The fence around the Essig garden was showing signs of deterioration with posts that had rotted in the ground causing leaning fence sections, gates that were not hanging straight, missing and broken pickets, and repairs to the stringers. Yes, rustic looking, but despite continuous ongoing repairs it was looking sad and additional repairs did not seem to be the answer. AKA The Fence Company visited and accepted the job to replace the fence with a new one. The challenge was to not make it appear brand new and perfect but rather to resemble the rustic look of a fence from the late 1800’s. Matt Koch and his crew worked with us to accomplish this goal. The rectangular posts are Locust wood known for its rot resistance, the stringers and pickets are Hemlock. The materials were sourced from Leonard Rohrbach’s sawmill in Bernville who cut the lumber to Matt’s specifications.

Dave Johnston and Dick Schuster removed the old fence and posts which were surprisingly heavy. This task would have not been accomplished without using the farm’s Kubota tractor to pull posts and move the 10-foot fence sections.

Matt and the crew began work on January 16, 2023, setting the new posts, installing the stringers and pickets and wrapped up the project by the end of the following day. The crew’s biggest challenge was to not make the fence look new and perfect as they would for any other customer. Instead, they used random width pickets, with a bit of variation in their length, and the tops of the pickets not perfectly in a straight line - all designed to make the finished project more rustic. Well, the crew nailed it (pun intended) and we have a great looking, sturdy fence with gates that operate effortlessly. The wood will age naturally (with no stain or paint) and Matt suggests that we should expect it to have a weathered patina within a year. Our thanks to AKA Fence Company for this project which enhances one of the first areas that visitors see as they visit the farm.
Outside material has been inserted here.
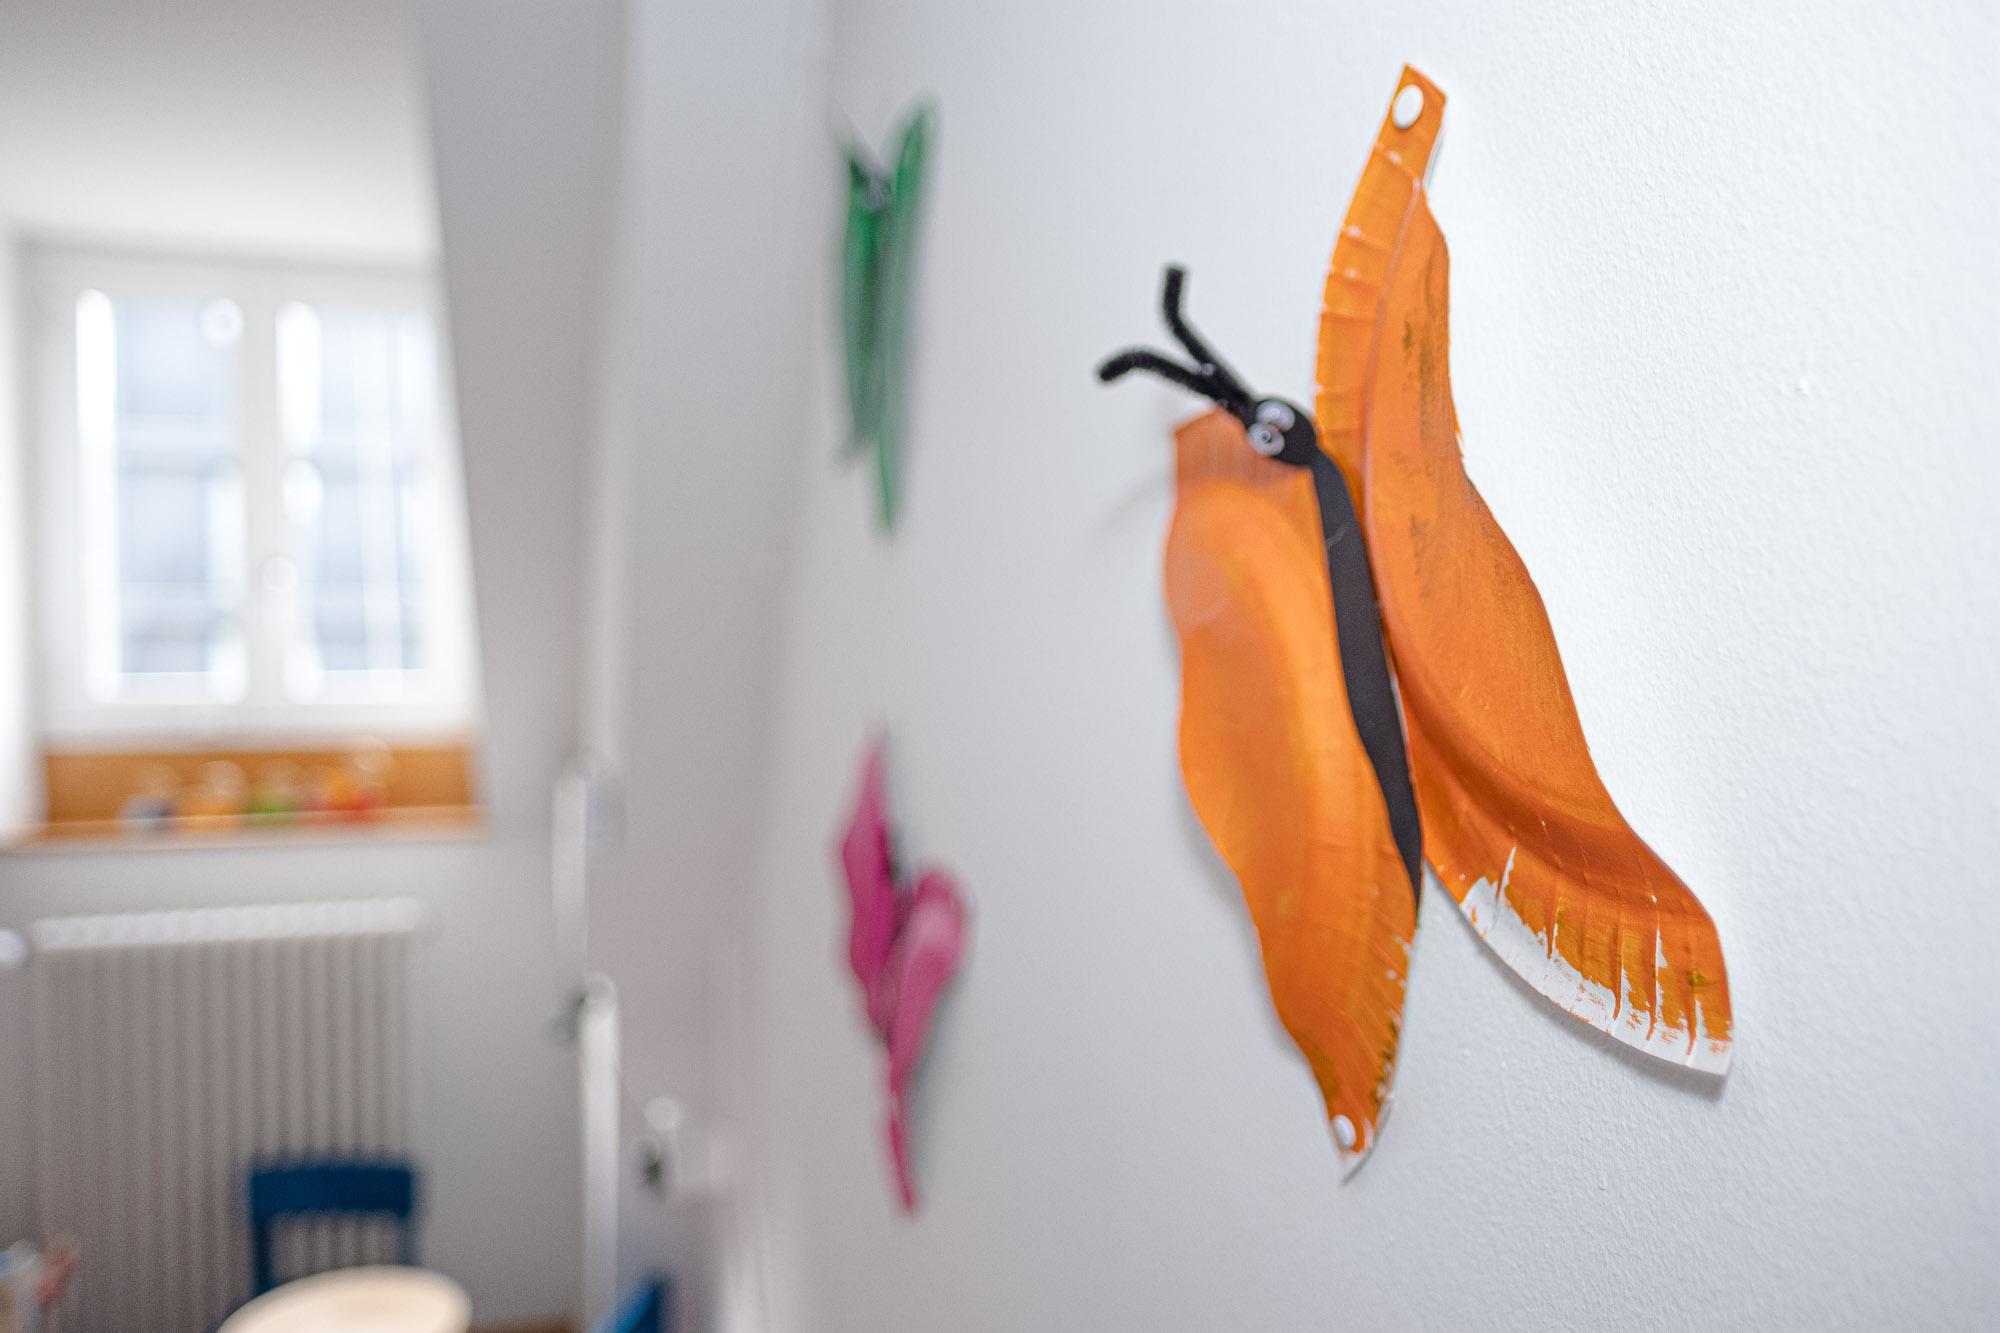 Rhy-Spatze-Schmetterlinge an Wand

A new roof for the historic Staudt Farmstead speicher building at Old Dry Road Farm

Mountain View Building was able to fit us into the work schedule this month. They removed the old roof on Wednesday the 13th and with 5 workers, installed the new roof on Thursday the 14th just before the day of the ice storm which would have prevented bringing the equipment down Highland Road. The completed work cost us $10,673. Some of the stringers on the spring house roof were in bad shape but we were able to find lumber in our storage area to use instead of having to buy material.